» What the task asks
Drop all images. Then write out each line below exactly as given.

» The data
◆ ◆ ◆ ◆

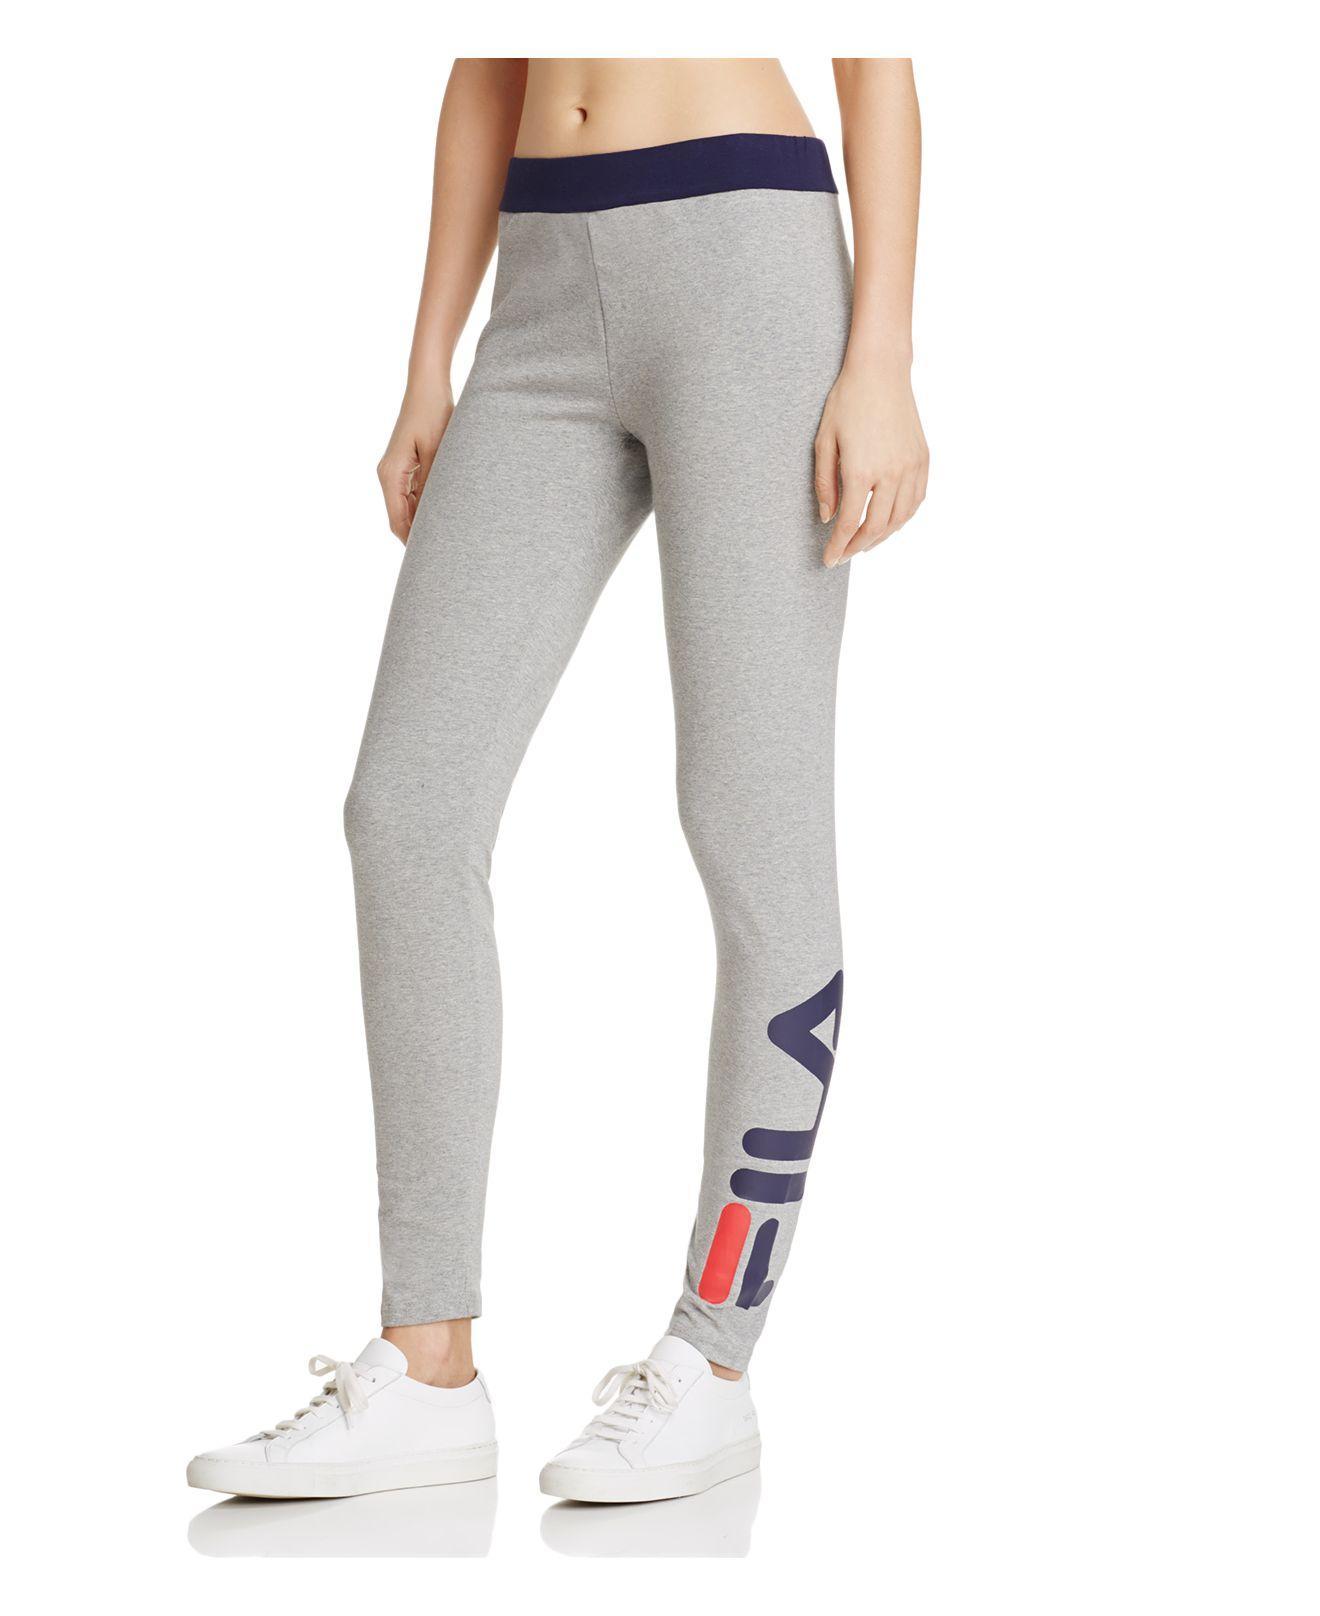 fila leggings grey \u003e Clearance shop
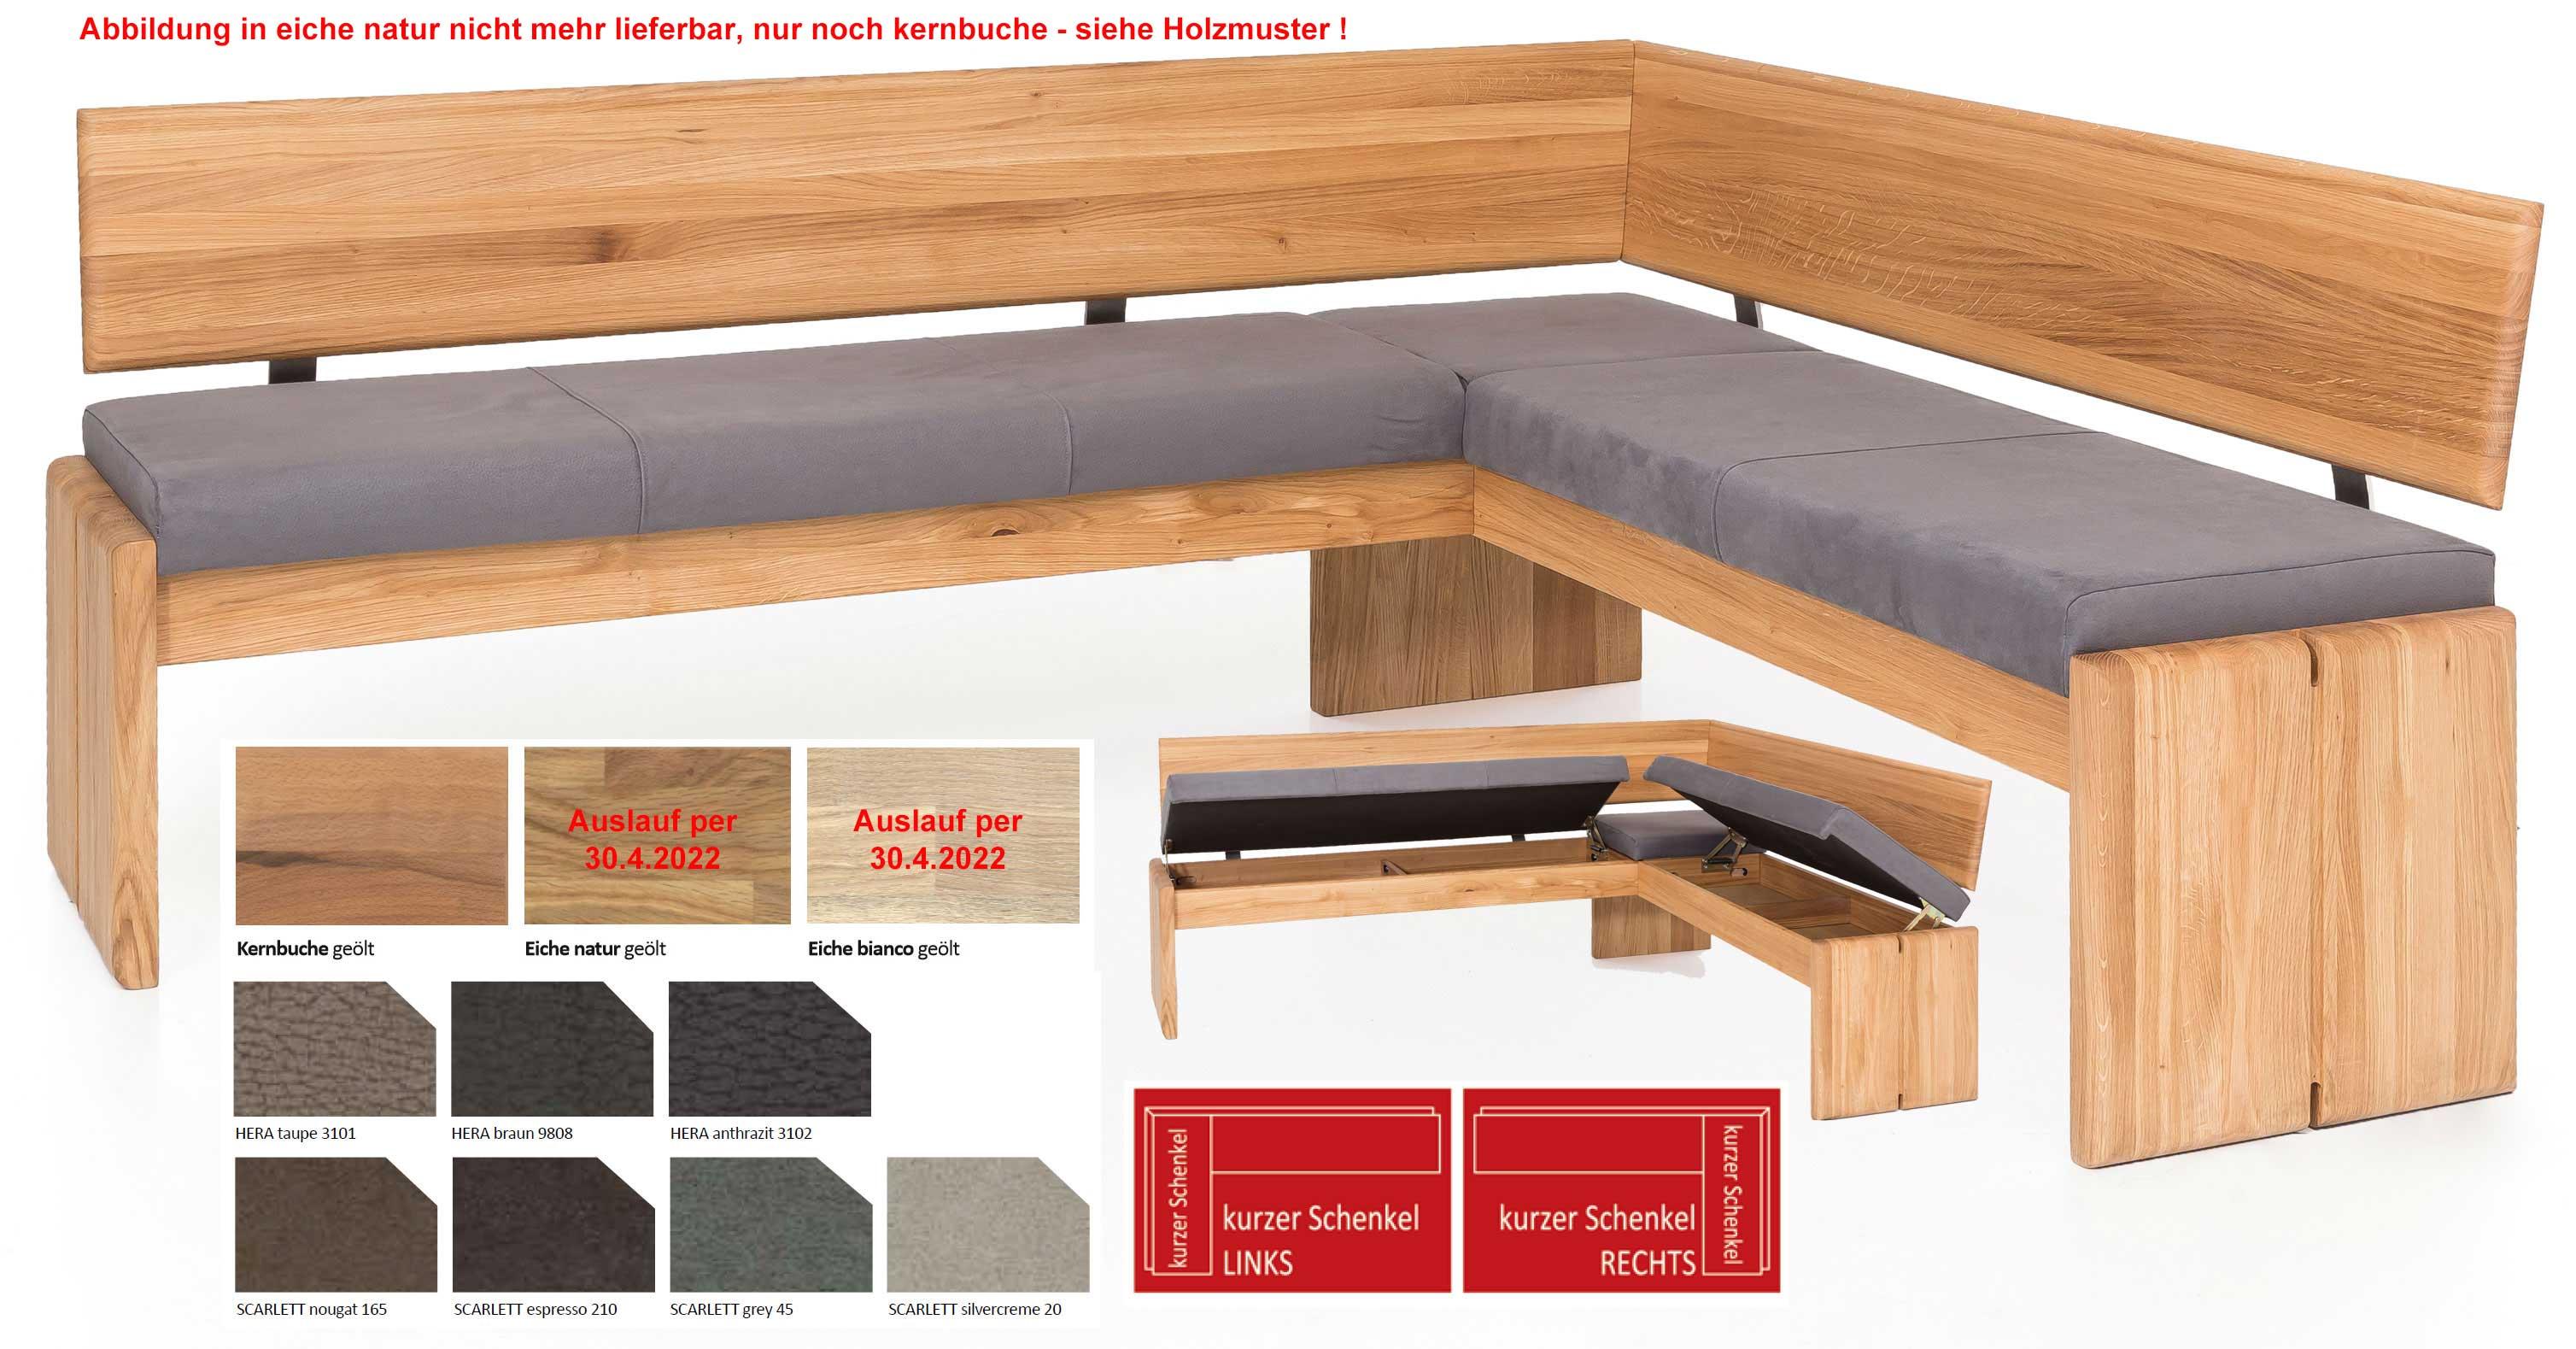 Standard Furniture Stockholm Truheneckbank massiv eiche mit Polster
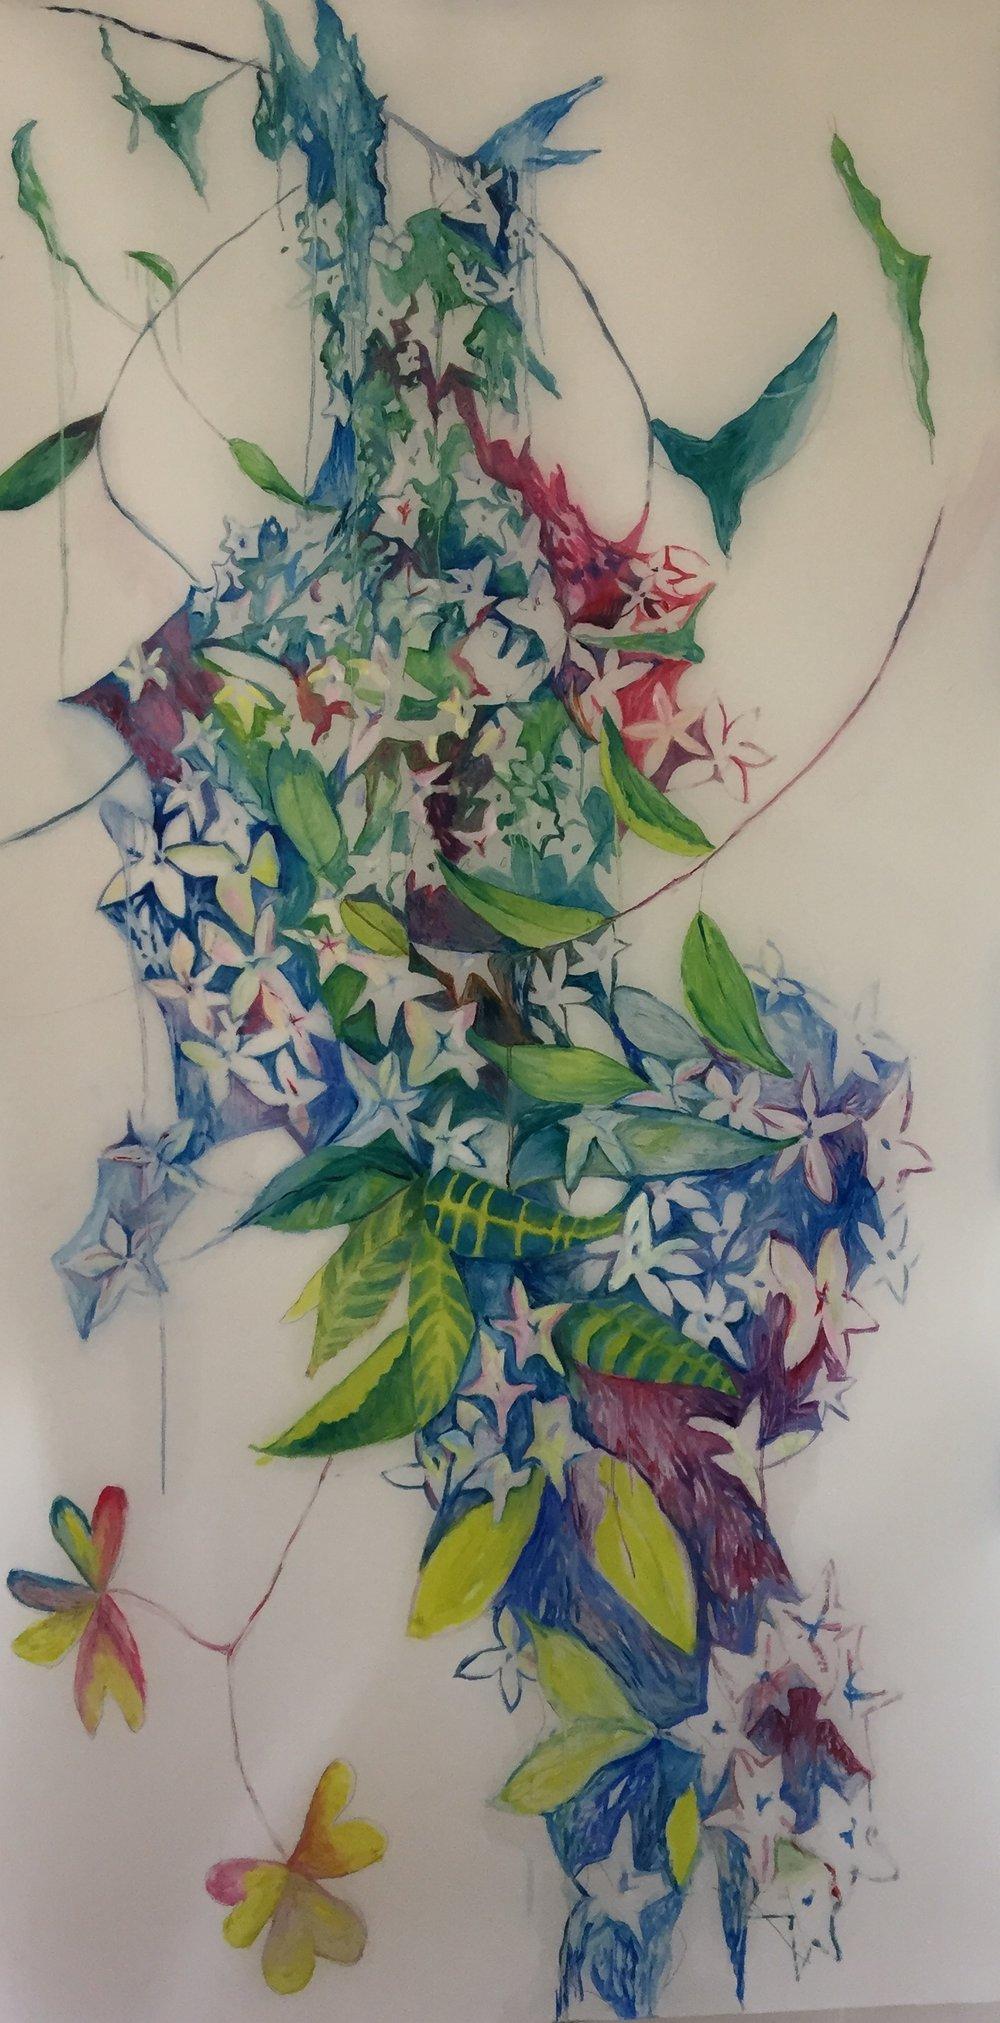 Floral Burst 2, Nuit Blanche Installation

◆ ◆ ◆ ◆

» Written solution
 fila leggings grey \u003e Clearance shop
 Standard Furniture Stockholm Truheneckbank massiv eiche mit Polster
 Floral Burst 2, Nuit Blanche Installation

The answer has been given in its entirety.